Cardio Vs Weights - Part 1.
In the first of a 2 part series, our Heath Club Manager Louise looks at the myths and truth surrounding the Cardio vs Weights debate, and how both play a role in achieving your fitness goals.
Cardio vs Weights, which is best and why? This is an age-old argument that constantly changes viewpoint depending on what body type is in vogue. For years, the fashion industry made super-skinny the ‘In look’ and so people dieted like crazy and made running and cycling they’re singular form of exercise. They feared lifting, especially women, as the perception was it would make you look manly and bulky. In more recent times, along with better education and freer thinking, this myth has nearly been de-bunked. Women are wanting to look athletic and healthy instead of gaunt and skinny. They prefer the ‘squatter’s bum’ over the flat bottom look and the toned arms over the skinny bingo wings.
Now before you think I’m going to be completely one-sided here, I’m not, well at least I’ll try not to be; both cardio and weights have their place in a healthy society. The issue I have is that people need to be better informed about both, need to know what the medium and long term results from both are and what way to fuel the body to achieve maximum results from both.
Fat loss and weight loss are most definitely not the same thing. Fat is fat and weight is weight, I can’t put it more simply then that! You can be light with a high bodyfat % and you can also be heavy with a low bodyfat %. People assume they must do endless cardio to burn fat, WRONG! Endless cardio will make you lighter but it could also give you a higher % of fat. Cardio primarily burns calories which can lead to being lighter on the scales (if your calories in are less than your calories out). Weight training can lead to weight gain! Of course, the results are also driven by what you fuel your body with while your exercising and just because you work out, you don’t have the freedom to eat what you like and expect the results you think you deserve!
There are many different types of cardio, ranging from LISS (low intensity steady state) which is one end of the spectrum to HITT (high intensity interval training) which is down the other end and everything in between. If you want to run a marathon then it’s obvious you need to put the mileage in. Weight training including squatting, lunging and hamstring work will provide massive benefits for power and endurance for your run but at the end of the day your training needs to be specific so you need to run, and not on a treadmill once you get past a certain distance. Likewise, if your participating in a cycle race, then bicep curling isn’t going to get you far. Let me clarify here, I’m talking medium to long distance running/cycling/rowing here, not short distances.

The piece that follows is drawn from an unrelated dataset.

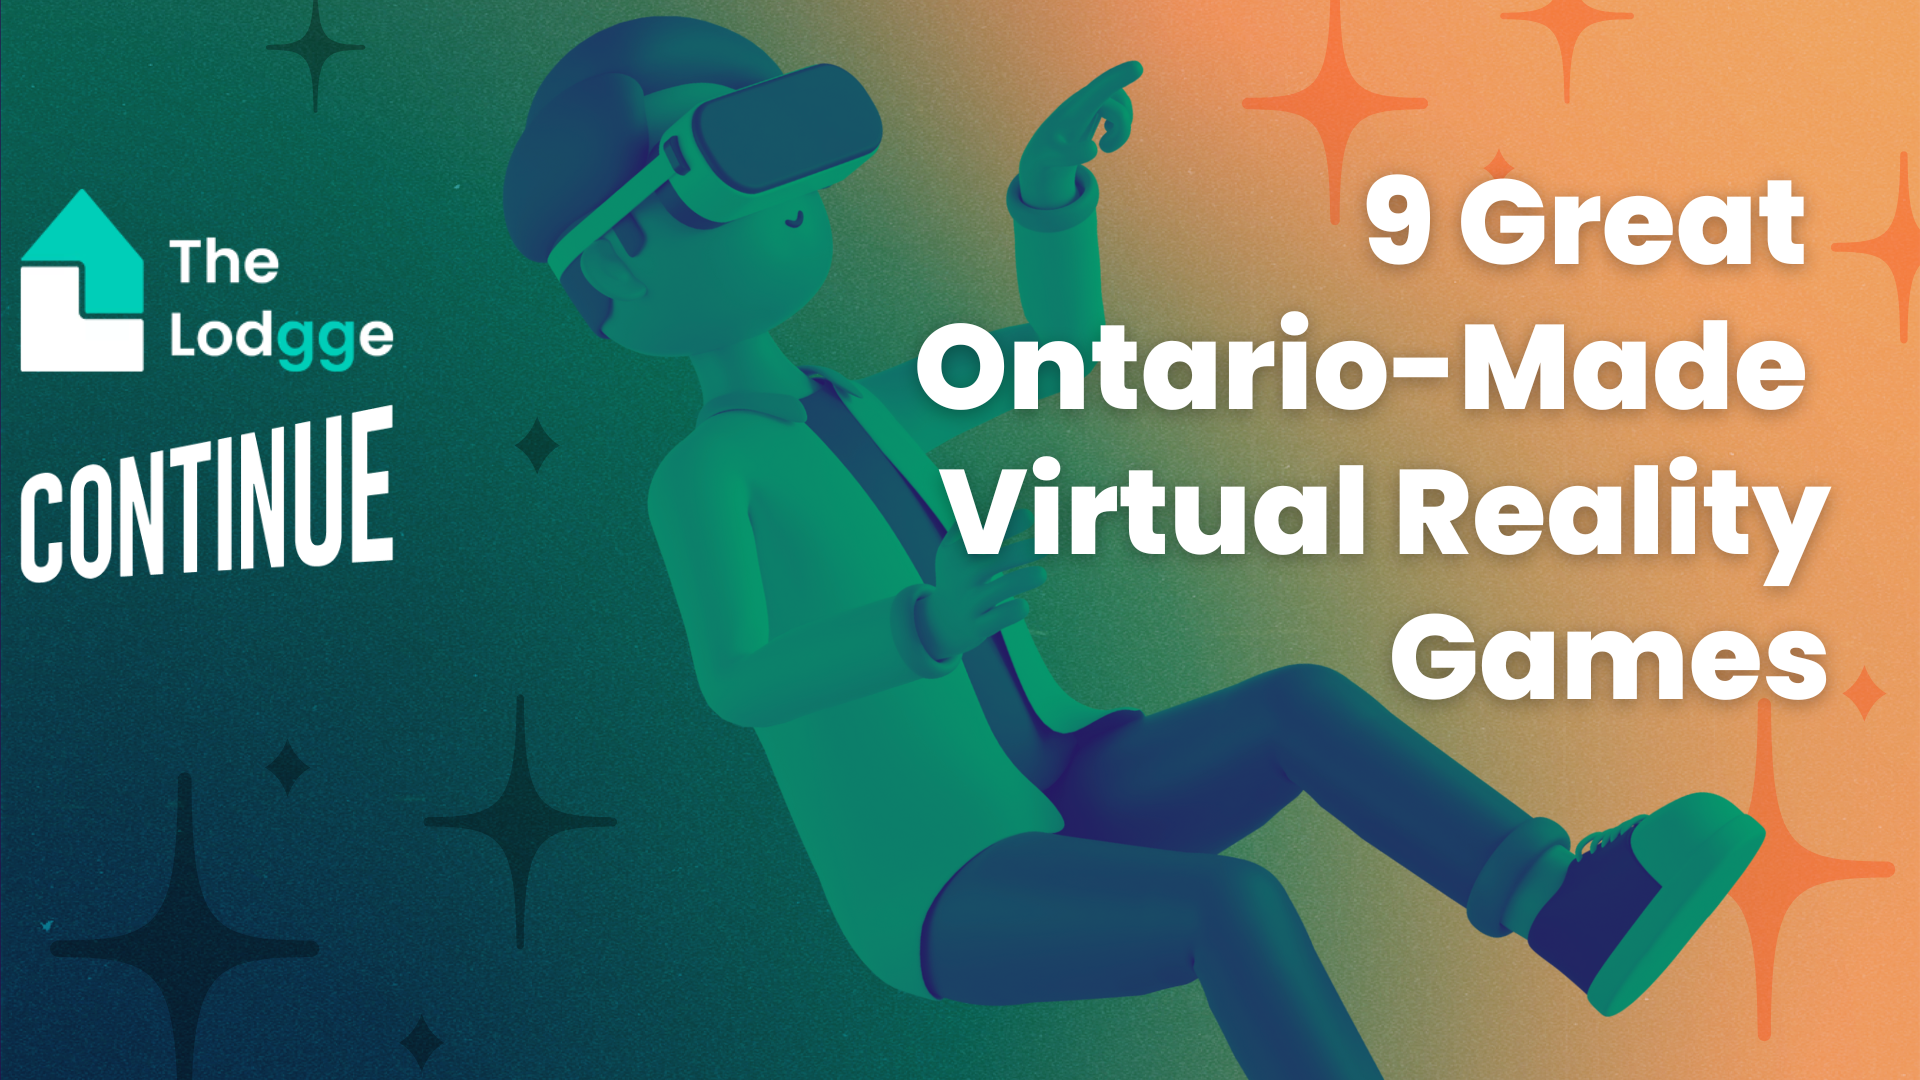 9 Great Ontario-Made Virtual Reality Games

If you’re doing endless amounts of cardio because you think that it will get you in shape for that beach body then think again. LISS cardio makes you lighter, skinnier and more cardio-vascular fit then actually looking good. Your bum will be flat, you’ll possibly lose muscle tone (as it burns off lean muscle) and unfortunately you will age quicker as it elevates your cortisol (stress hormone) levels which prematurely ages you. On the positive side, you will be lighter and so will be able to go for longer distances then those carrying a lot of muscle.
Fuelling for long distance cardio is completely different then fuelling for gym work or short distance cardio. Glycogen (what carbs is turned into) is your primary fuel source and so you need to carb load to be able to keep going and not fatigue. You normally carb load up until about 36 hours before a long race, anything closer to the day and you fear bloating, cramps and non-digested food getting in the way. You need to re-fuel intra-race (if the race goes on longer then 50-60mins) which involves taking energy gels and liquids, stuff that will get into you quickly and give you that extra burst of energy. It also means you’re not laden down with heavy food while you race. The possible downside with this is that any unused fuel (which is primarily sugar based) will be stored as fat and at the end of the race your body is so exhausted that you will crave sugar whereas realistically its protein and fat that you need to eat. A lot of sleep is also needed, not only to help recover but to lower cortisol.
Off season training should be lighter and shorter distance with more protein and fat and less carbs in your diet. You need to give your body a rest from eating too much of one macro, some down time. Do some different types of training, re-energise your body to come back stronger and faster for the next period of racing. Like weight lifting, if you do the same type of training for too long, your body will plateau and no gains will be made. Dropping back from cycling or running and doing some gym floor work will benefit your body and you will find that your times will improve.